The Azores are part of the Macaronesia (from the Greek nesoi = islands), the name given to the group of archipelagos made up of the Azores, Madeira, the Canaries and Cape Verde. These islands share a very special flora, which originates from the extinct forests of the Tertiary and previous periods, particular species, many living fossils from important evolutionary trunks of current flora and the stll important effect of insular ecology on evolutionary structure.
On these archipelagos, the existing endemic forest is laurisilva, whose name derives from the Latin Laurus (laurel, lauraceae) and Silva (forest, wood).
Twenty million years ago, during the Tertiary period, the laurisilva forest was common throughout what is now the Mediterranean basin, Southern Europe and North Africa. However, the formation of the Mediterranean Sea and the subsequent climactic changes throughout Europe and North Africa, as well as the occurence of nine glacial and interglacial periods over the last 2 million years led to the mass extinction of ecosystems and the appearance of new ones with a different ecology and species.
The insular regions that belong to the Macaronesia, which enjoy a milder climate due to the softening effect of the surrounding Atlantic Ocean, became refuges and protective areas for many species characteristic of the laurisilva forest. As such, this type of forest, which is dominated by laurifolius species (trees, evergreens with large glabrous or subglabrous and coriaceous leaves) and associated with a mild climate, gentle winters and summers without water stress, are very important in the Azores.

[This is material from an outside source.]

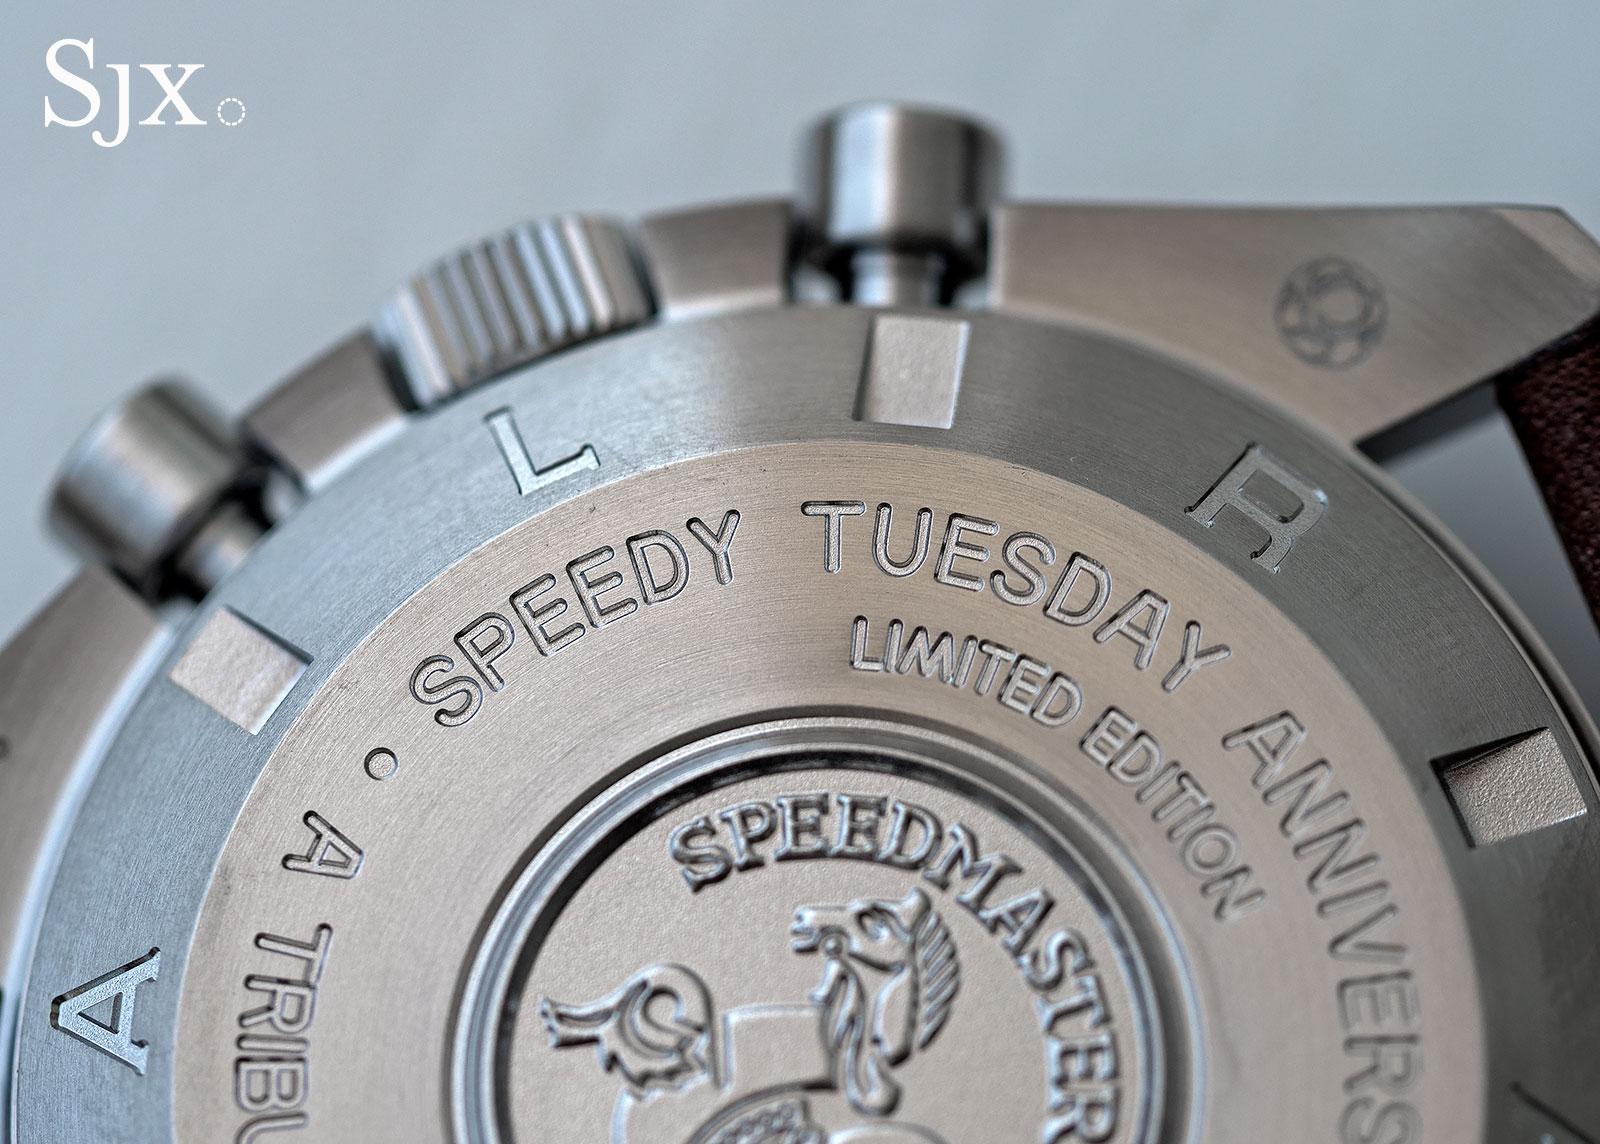 Omega Speedmaster Speedy Tuesday review 9

After being colonised, over time, the native forest of the Azores has been drastically reduced, with the wood of many endemic species being used in traditional cooking and for heating houses, as well as greater use of land for pasture and the introduction of exotic and invasive species.

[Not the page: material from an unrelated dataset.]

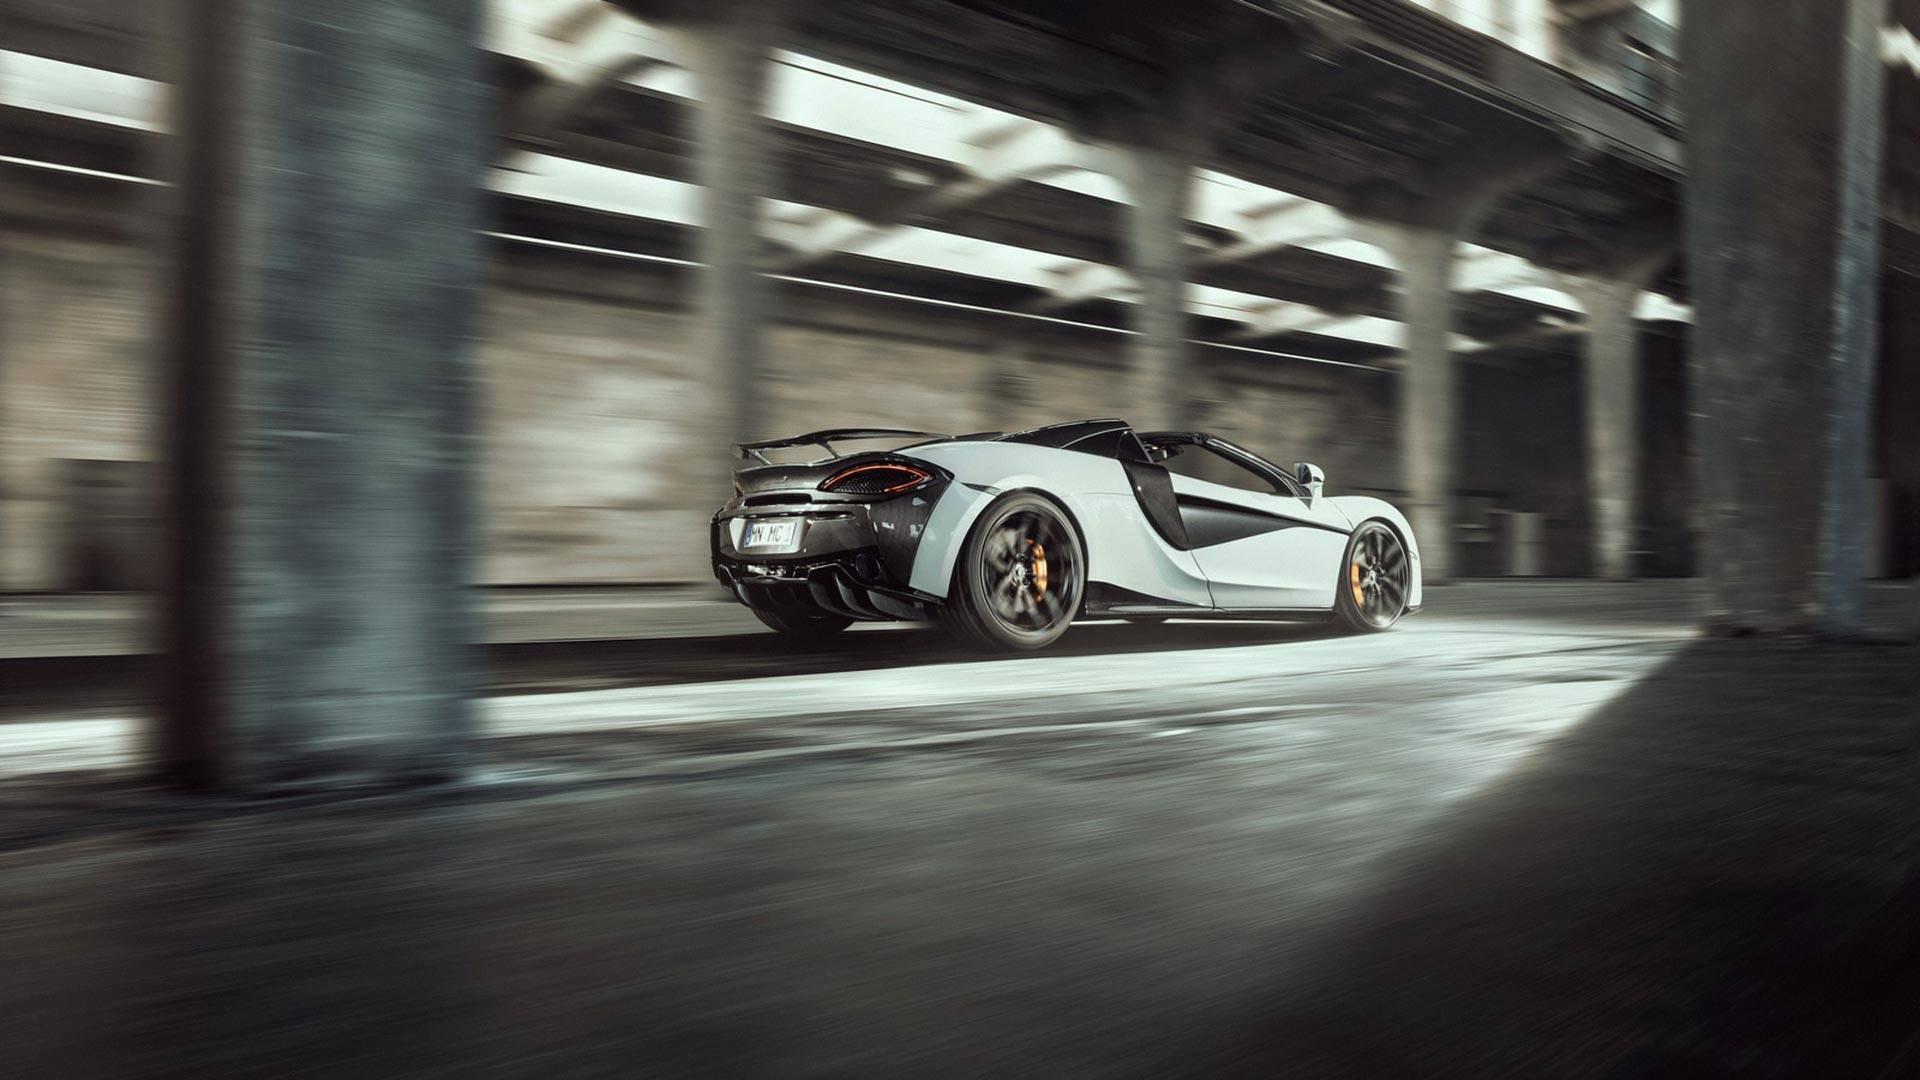 2018 NOVITEC McLaren 570S Spider Rear Three-Quarter Wallpapers (2)

At Terra Nostra, we have a garden dedicated to endemic and native plants of the archipelago, which highlights their importance and allows the public to discover a little more about the natural flora of the Azores. In this garden, which was first planted in 1994, although some of the endemic plants have been replaced, visitors can still find plants dating back to that year, many of them now the size of trees.